What score do I need on the final to pass?
Use the formula: needed = (passing grade − current grade × current weight%) ÷ final weight%. If passing is 60%, your current grade is 55%, and the final is 40%: (60 − 55×0.60) ÷ 0.40 = (60−33) ÷ 0.40 = 67.5%.
How is GPA calculated?
GPA = sum of (grade points × credit hours) for each course, divided by total credit hours. An A (4.0) in a 3-credit course + B (3.0) in a 4-credit course = (12 + 12) ÷ 7 = 3.43 GPA.
What is a weighted grade?
A weighted grade system assigns different percentage contributions to different assignment categories. Scoring 90% on homework (worth 20%) contributes 18% to your final grade, not just 90%.
Does an A- lower your GPA?
Yes. An A is 4.0 GPA points; an A- is 3.7. If you need a 4.0 GPA, you need straight A's — a single A- on a 3-credit course mixed with other A's drops your cumulative GPA below 4.0.
What is a good GPA for graduate school?
Most competitive master's and doctoral programs expect a 3.0–3.5 minimum. Top programs (law, medicine, business) often expect 3.5–3.8+. Some programs weight work experience and test scores heavily alongside GPA.

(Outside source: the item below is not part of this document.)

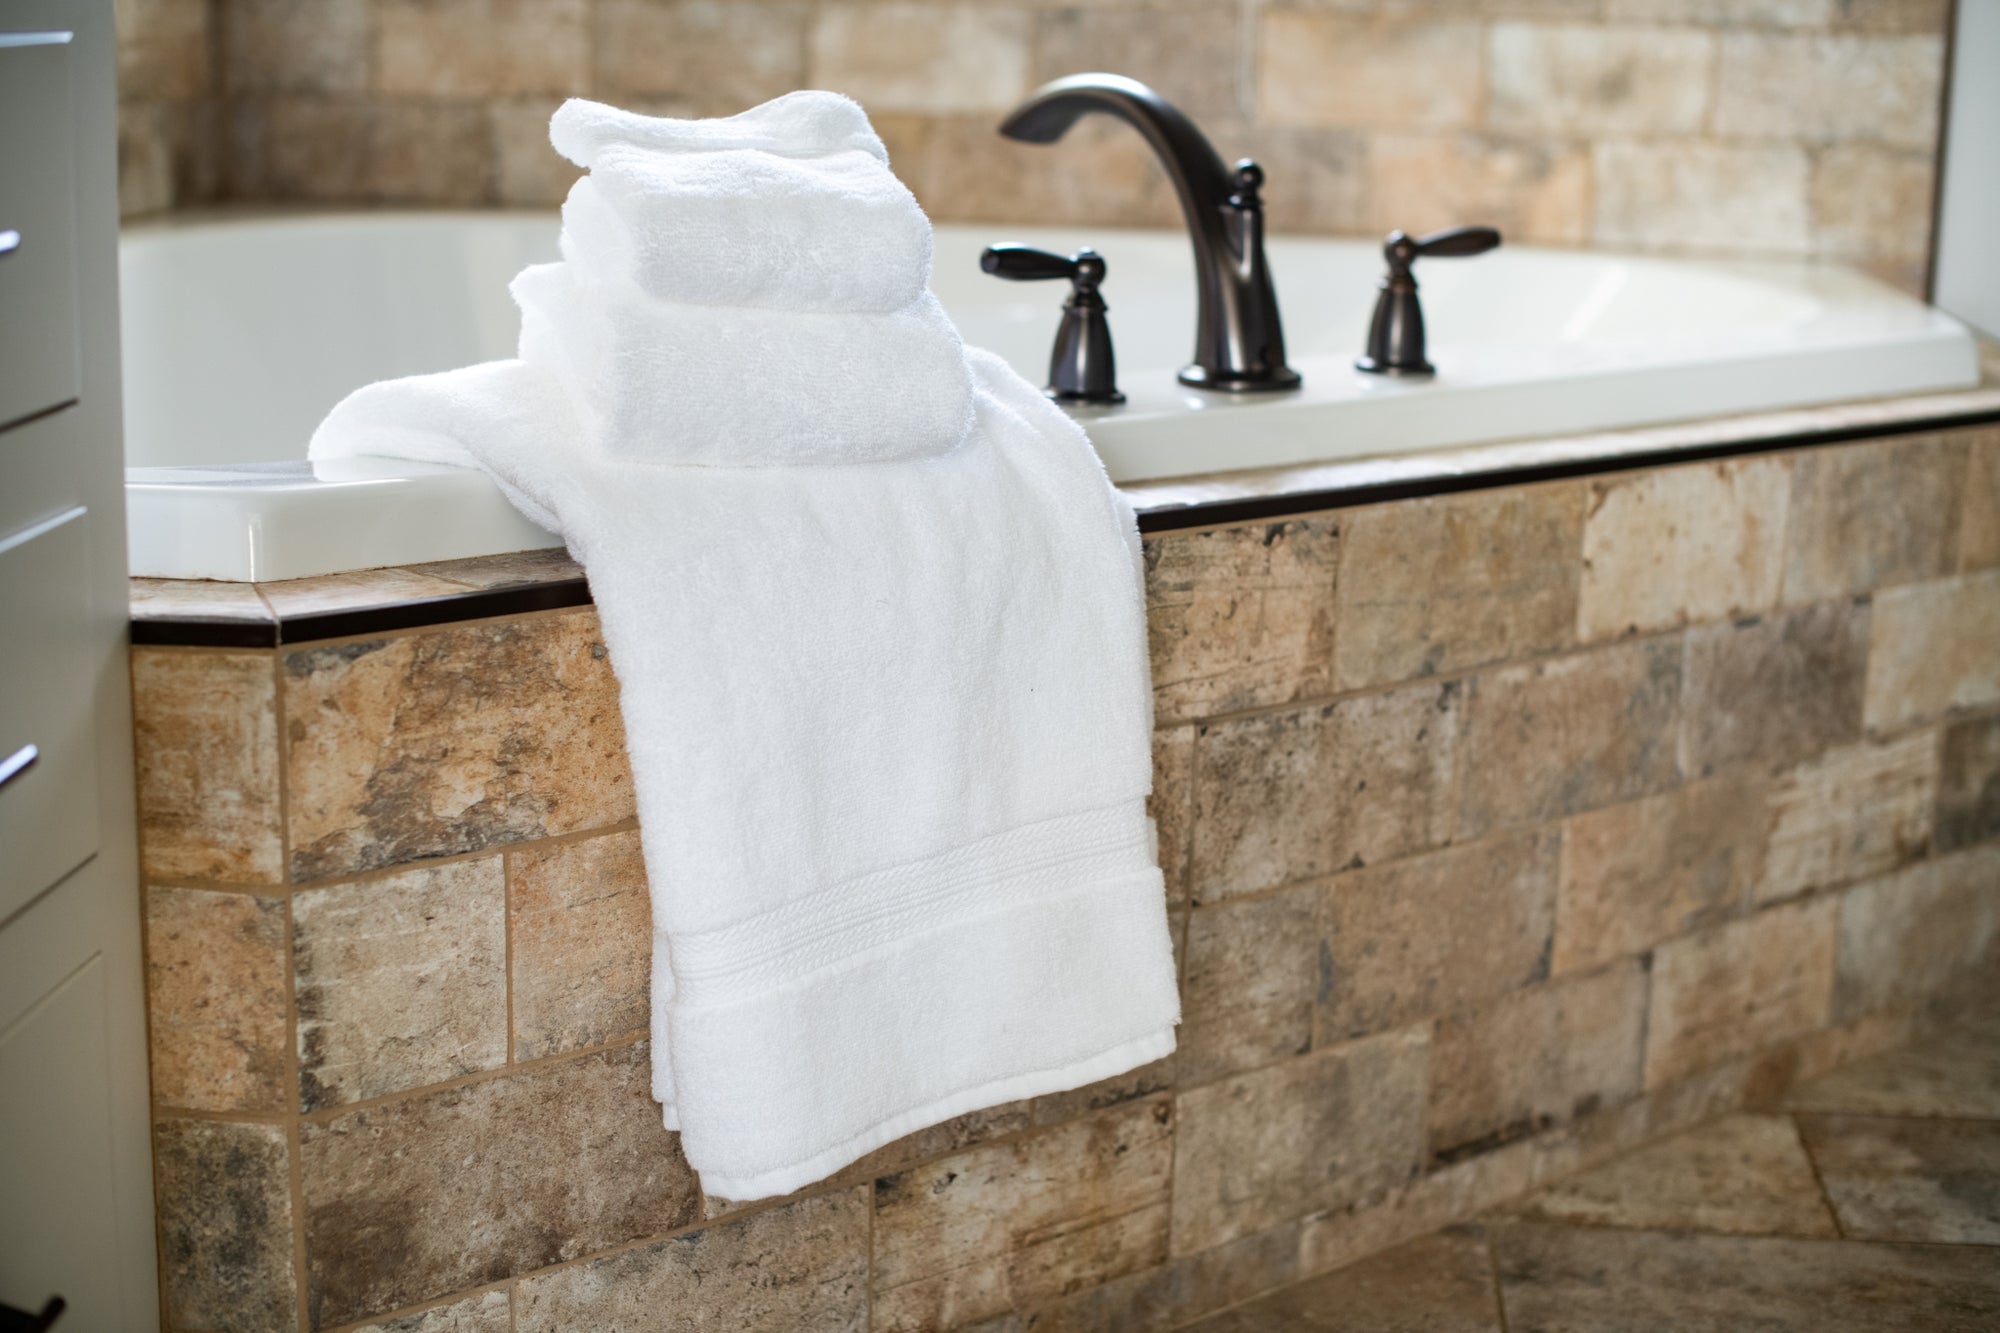 How to decorate your bathroom with towels

Can I raise my GPA in one semester?
Yes, but the impact depends on how many credits you've completed. Earlier in your degree, each semester matters more. A student with 30 credits can move their GPA more in one semester than a senior with 100 credits.
What is a 3.5 GPA in letter grades?
A 3.5 GPA is between a B+ (3.3) and an A- (3.7). It typically means a mix of A's and B+'s — strong academic performance, usually on Dean's List at many schools.